Work item:
From the line with "Denmark skyline landscape" to the line with "vanity geotapseo Images", output every line below exactly, both ends included. Skip the pictures.

══ Data for processing

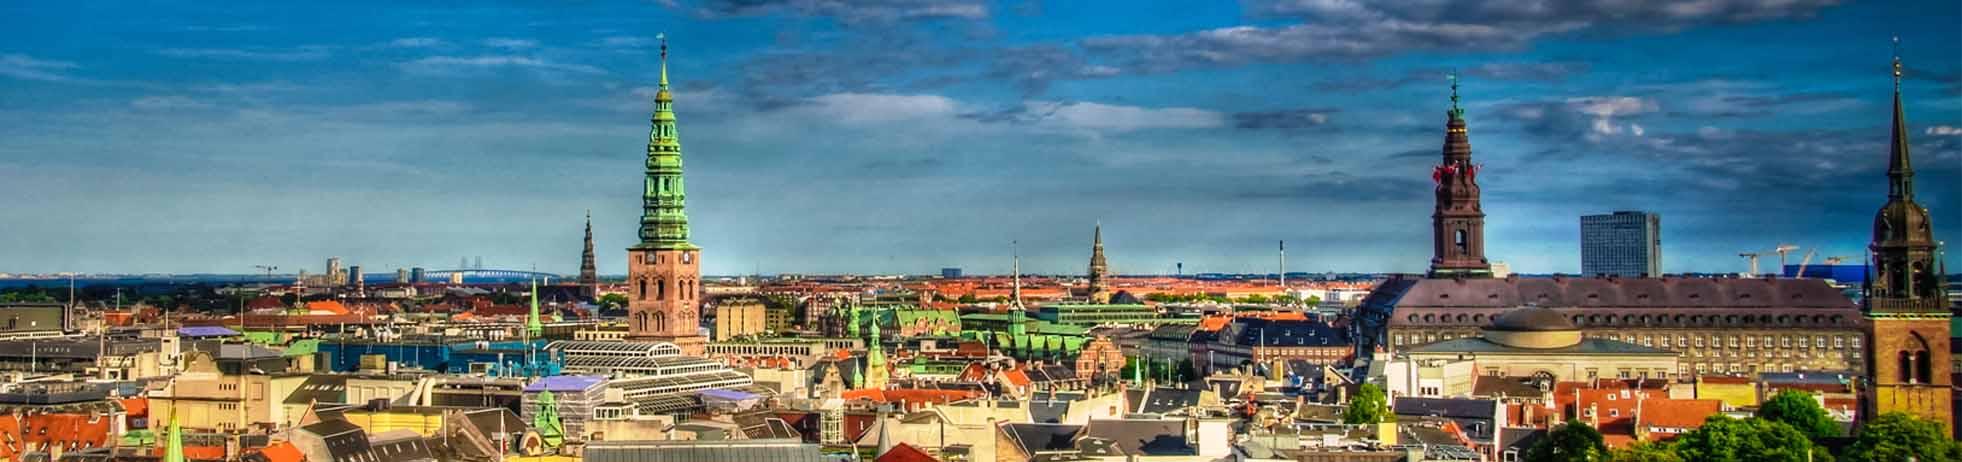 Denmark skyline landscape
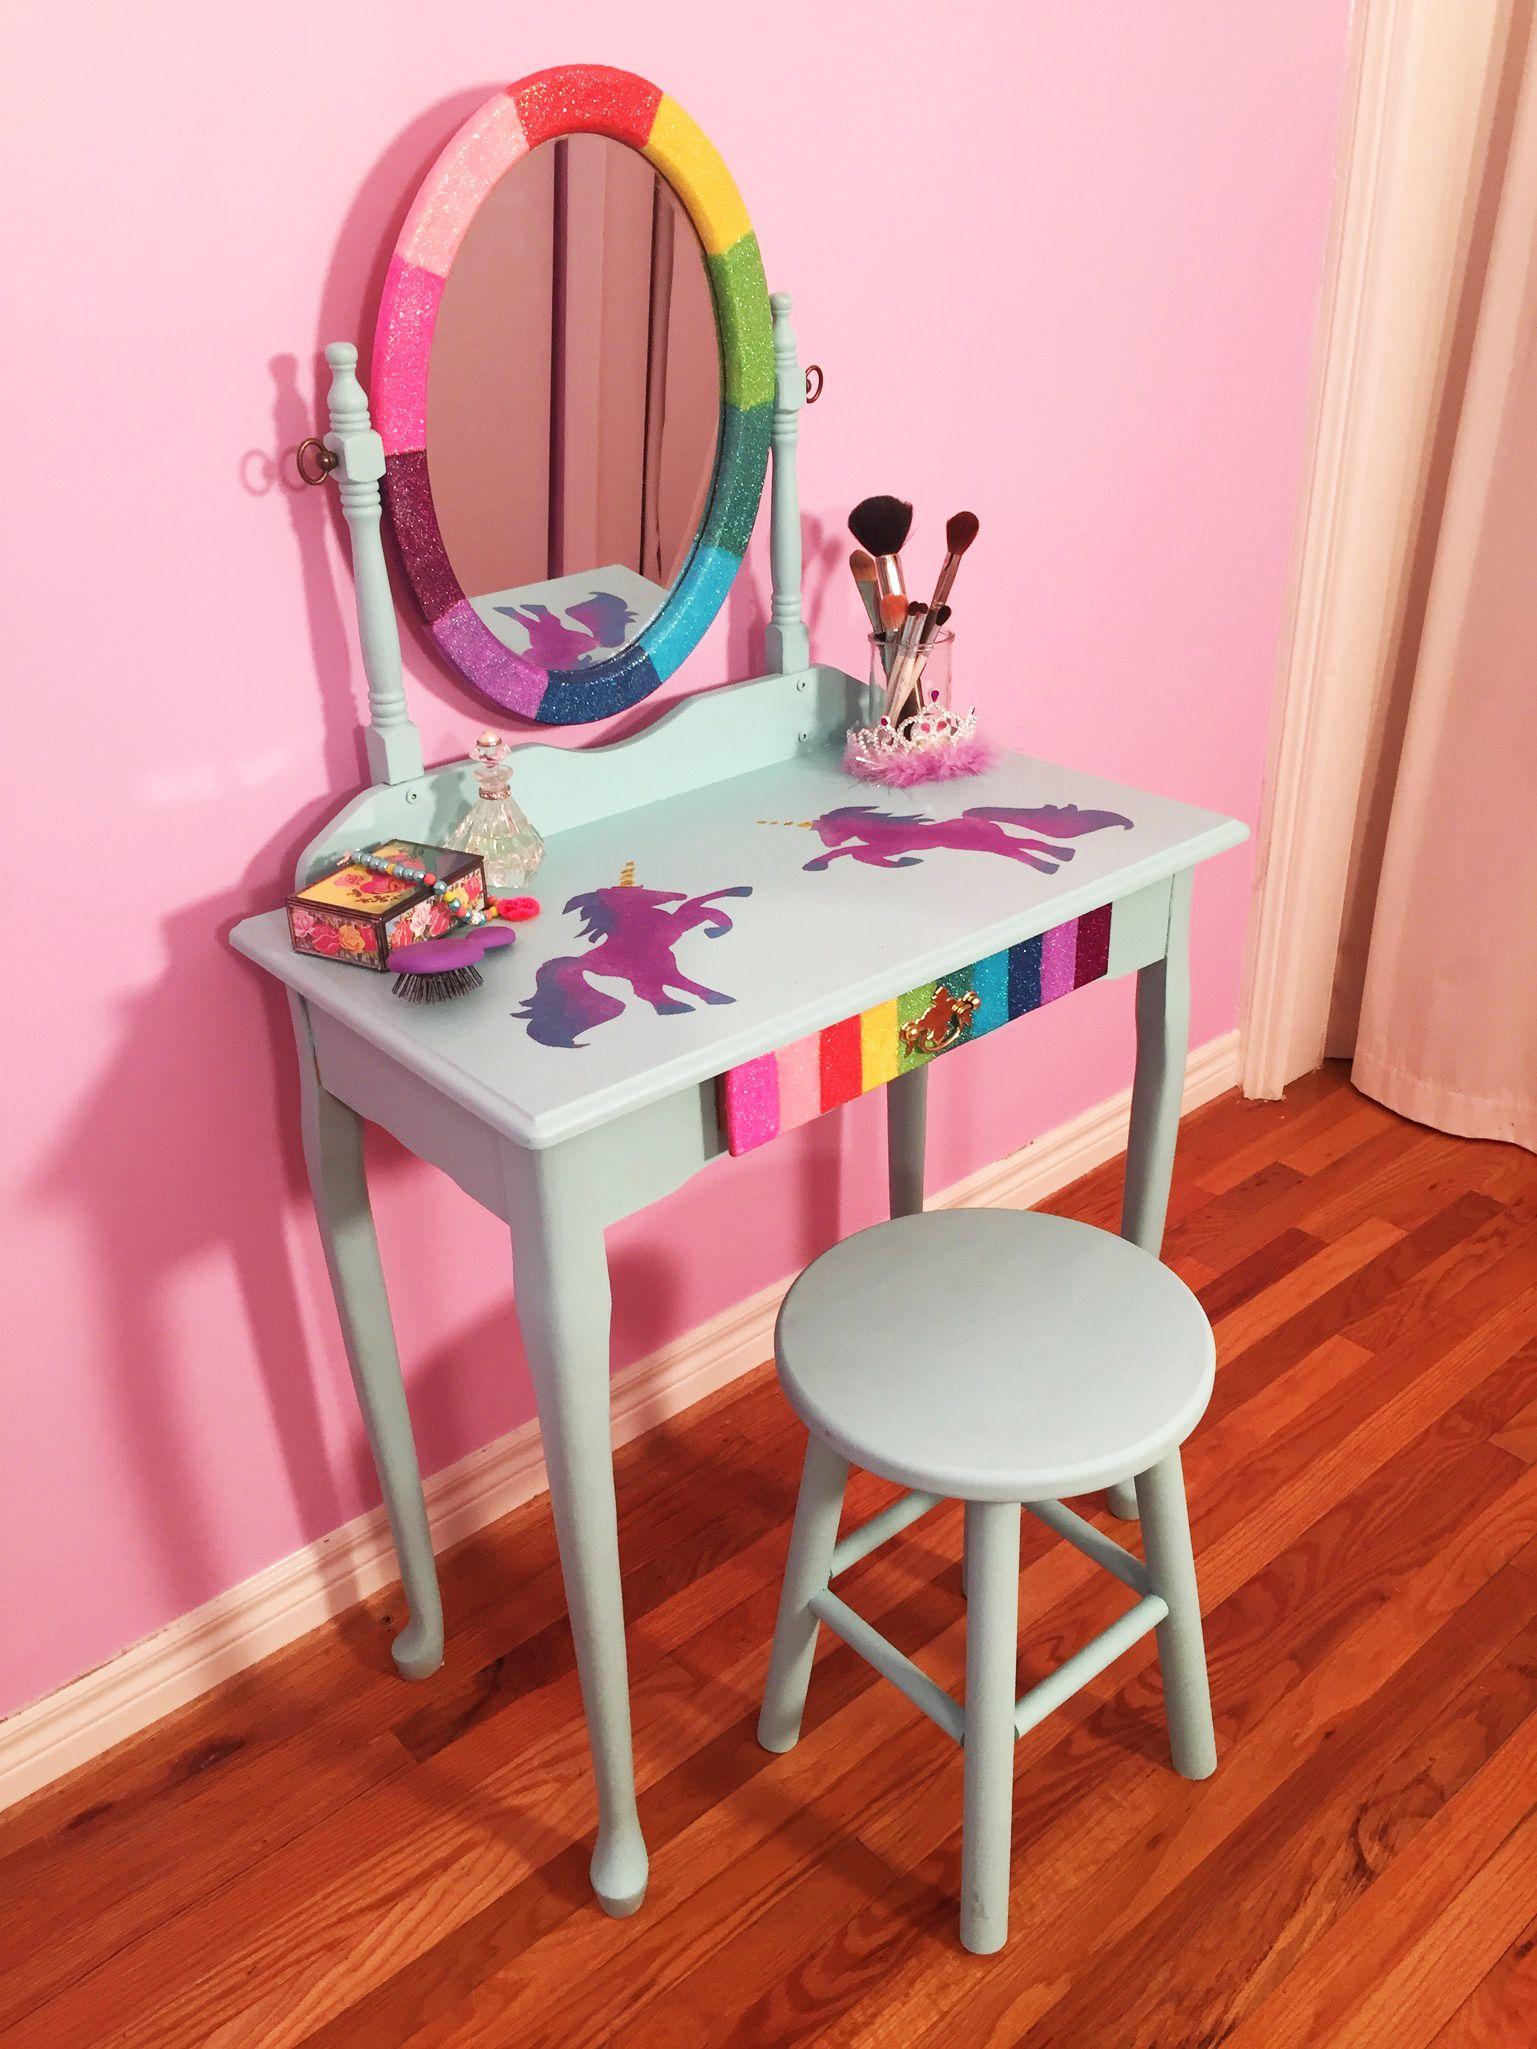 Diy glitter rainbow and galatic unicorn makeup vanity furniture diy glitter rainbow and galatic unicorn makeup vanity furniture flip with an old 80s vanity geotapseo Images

════
══ Data for processing

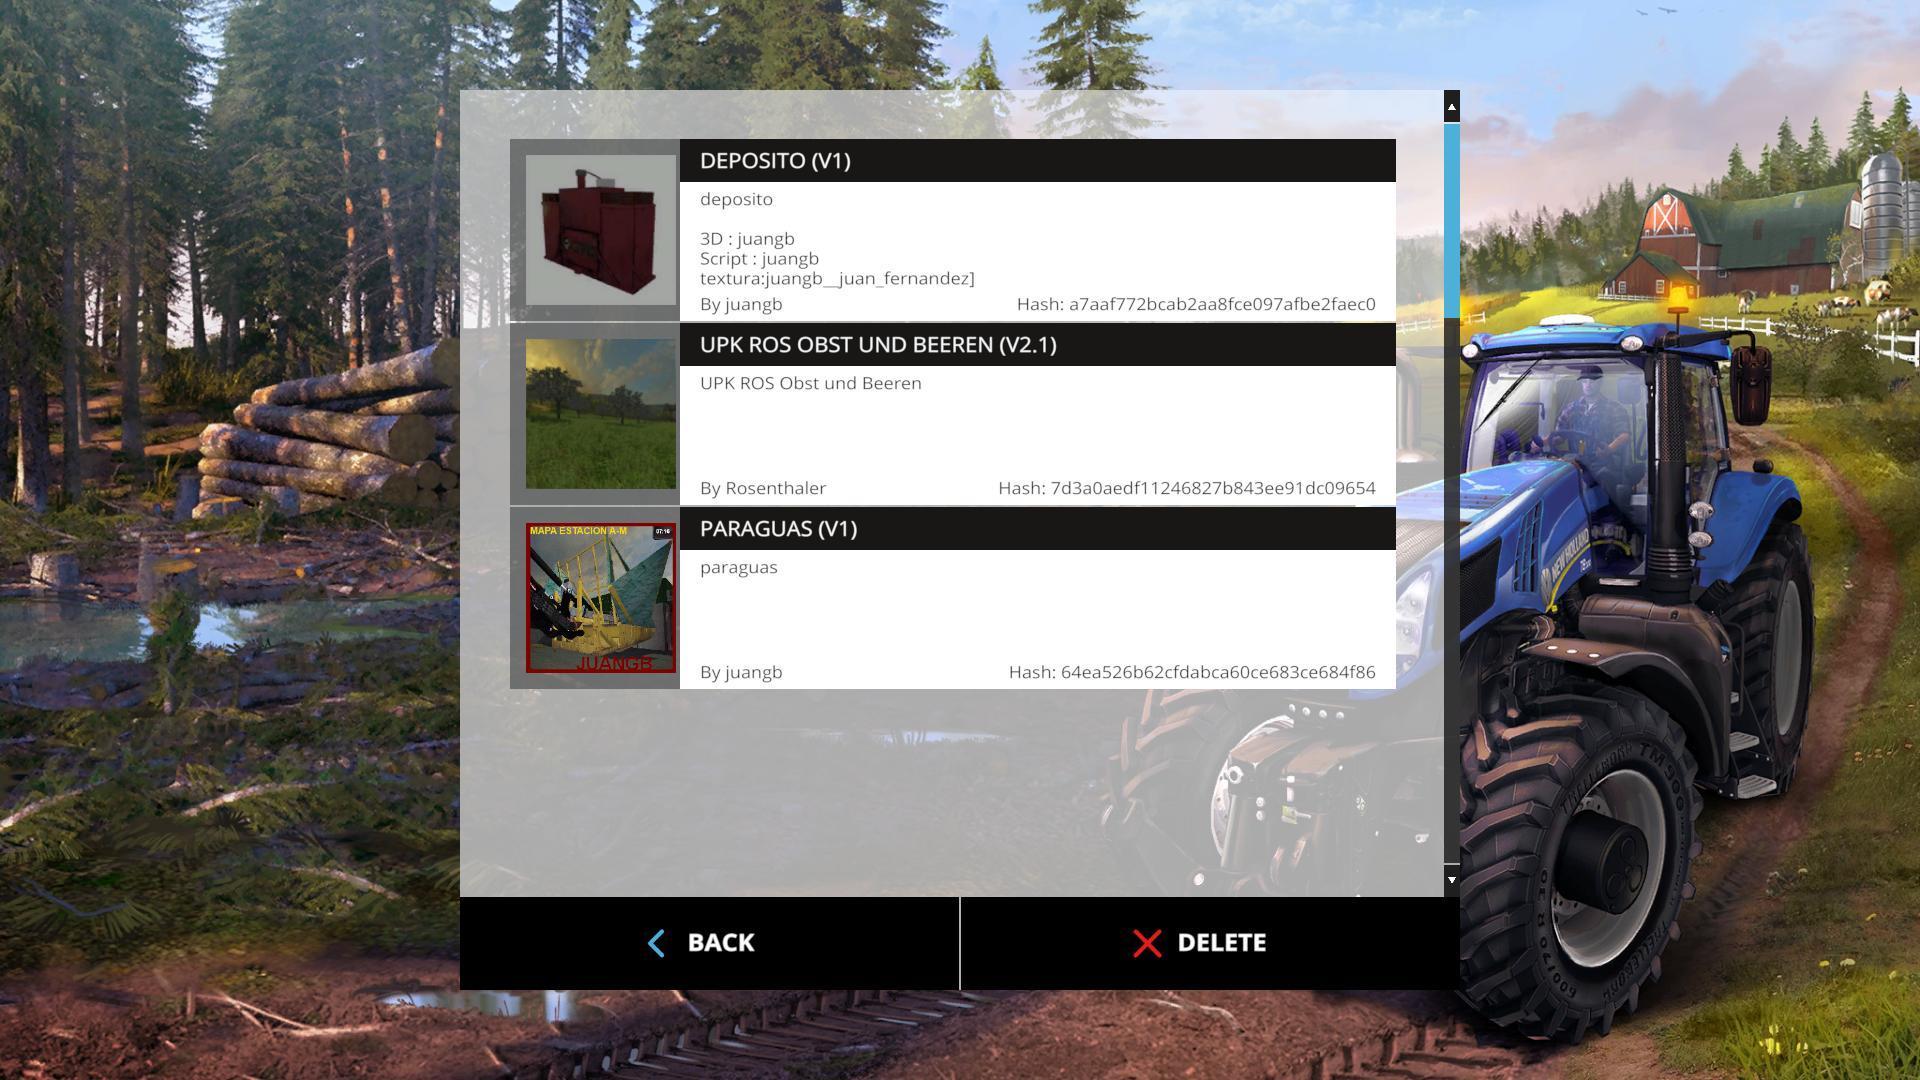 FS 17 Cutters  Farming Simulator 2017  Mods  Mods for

════

Task solution:
 Denmark skyline landscape
 Diy glitter rainbow and galatic unicorn makeup vanity furniture diy glitter rainbow and galatic unicorn makeup vanity furniture flip with an old 80s vanity geotapseo Images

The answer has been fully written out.